I have a large Python code base which we recently started compiling with Cython. Without making any changes to the code, I expected performance to stay about the same, but we planned to optimize heavier computations with Cython specific code after profiling. However, the speed of the compiled application plummeted and it appears to be across the board. Methods are taking anywhere from 10% to 300% longer than before.
I've been playing around with test code to try and find things Cython does poorly and it appears that string manipulation is one of them. My question is, am I doing something wrong or is Cython really just bad at some things?

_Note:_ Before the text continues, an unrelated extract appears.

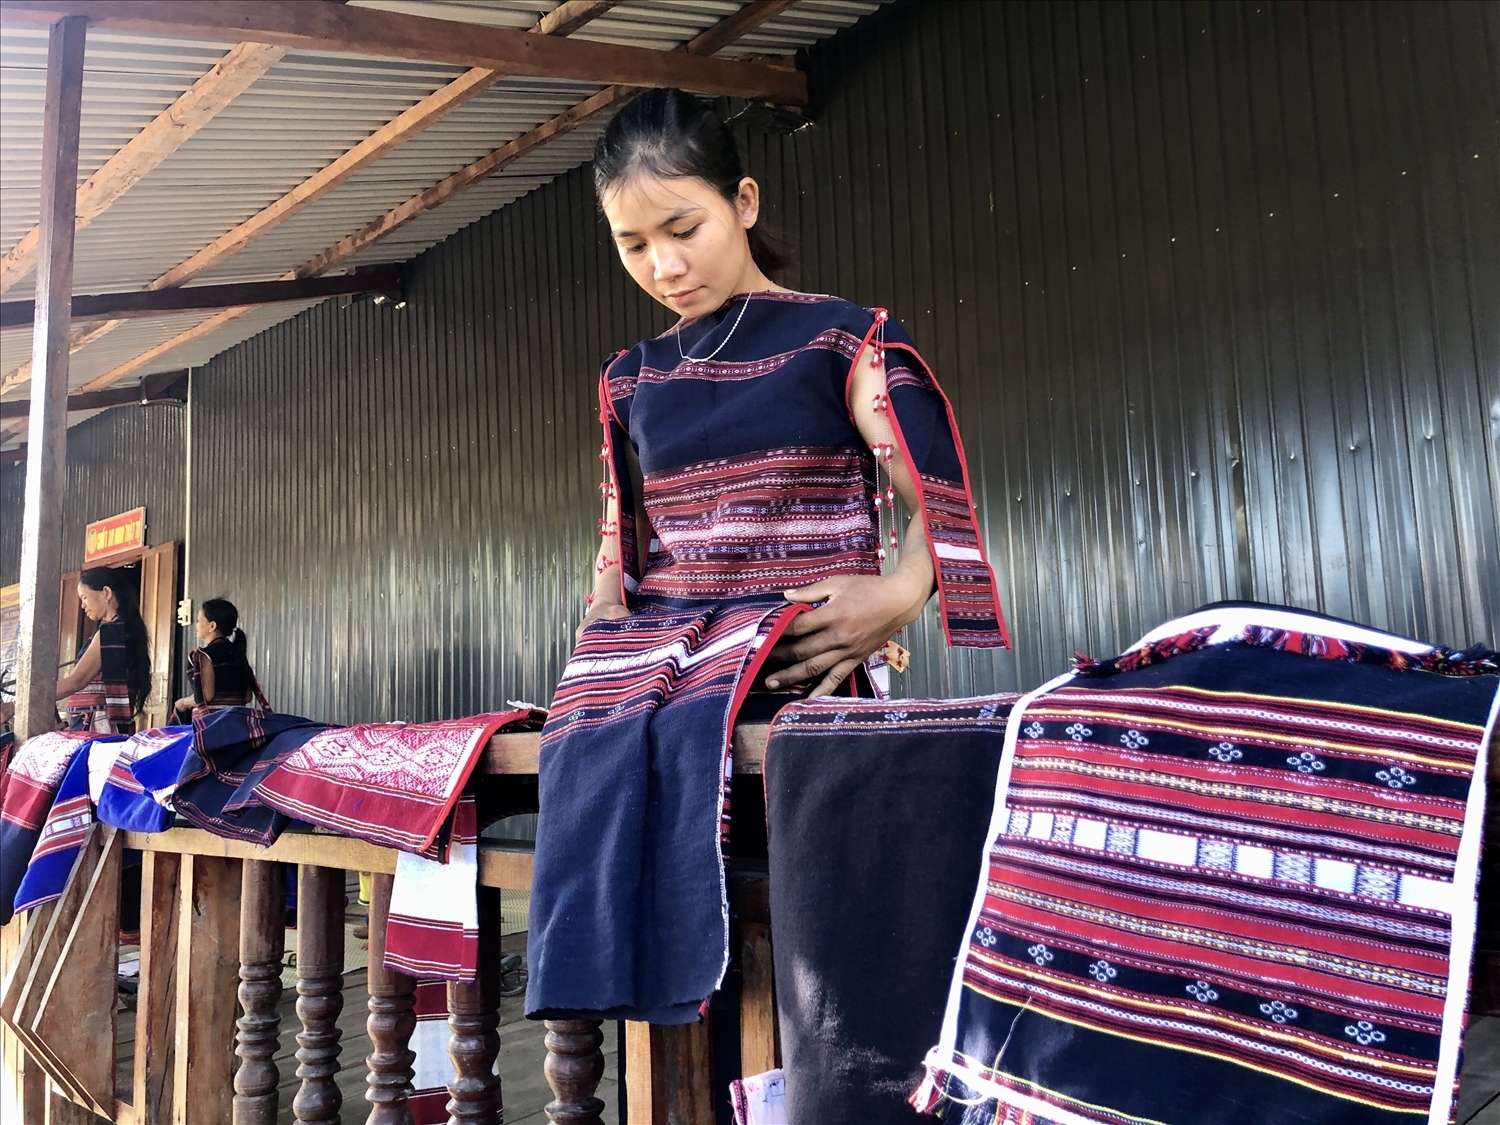 Dệt thổ cẩm đã trở thành biểu tượng tự hào, nét đẹp, bản sắc văn hóa cổ truyền của đồng bào dân tộc Ba Na tại Gia Lai

Can you help me understand why this is so bad and what else Cython might do very poorly?
EDIT: Let me try to clarify. I realize that this type of string concatenation is very bad; I just noticed it has a huge speed difference so I posted it (probably a bad idea). The codebase doesn't have this type of terrible code but has still slowed dramatically and I'm hoping for pointers on what type of constructs Cython handles poorly so I can figure out where to look. I've tried profiling but it was not particularly helpful.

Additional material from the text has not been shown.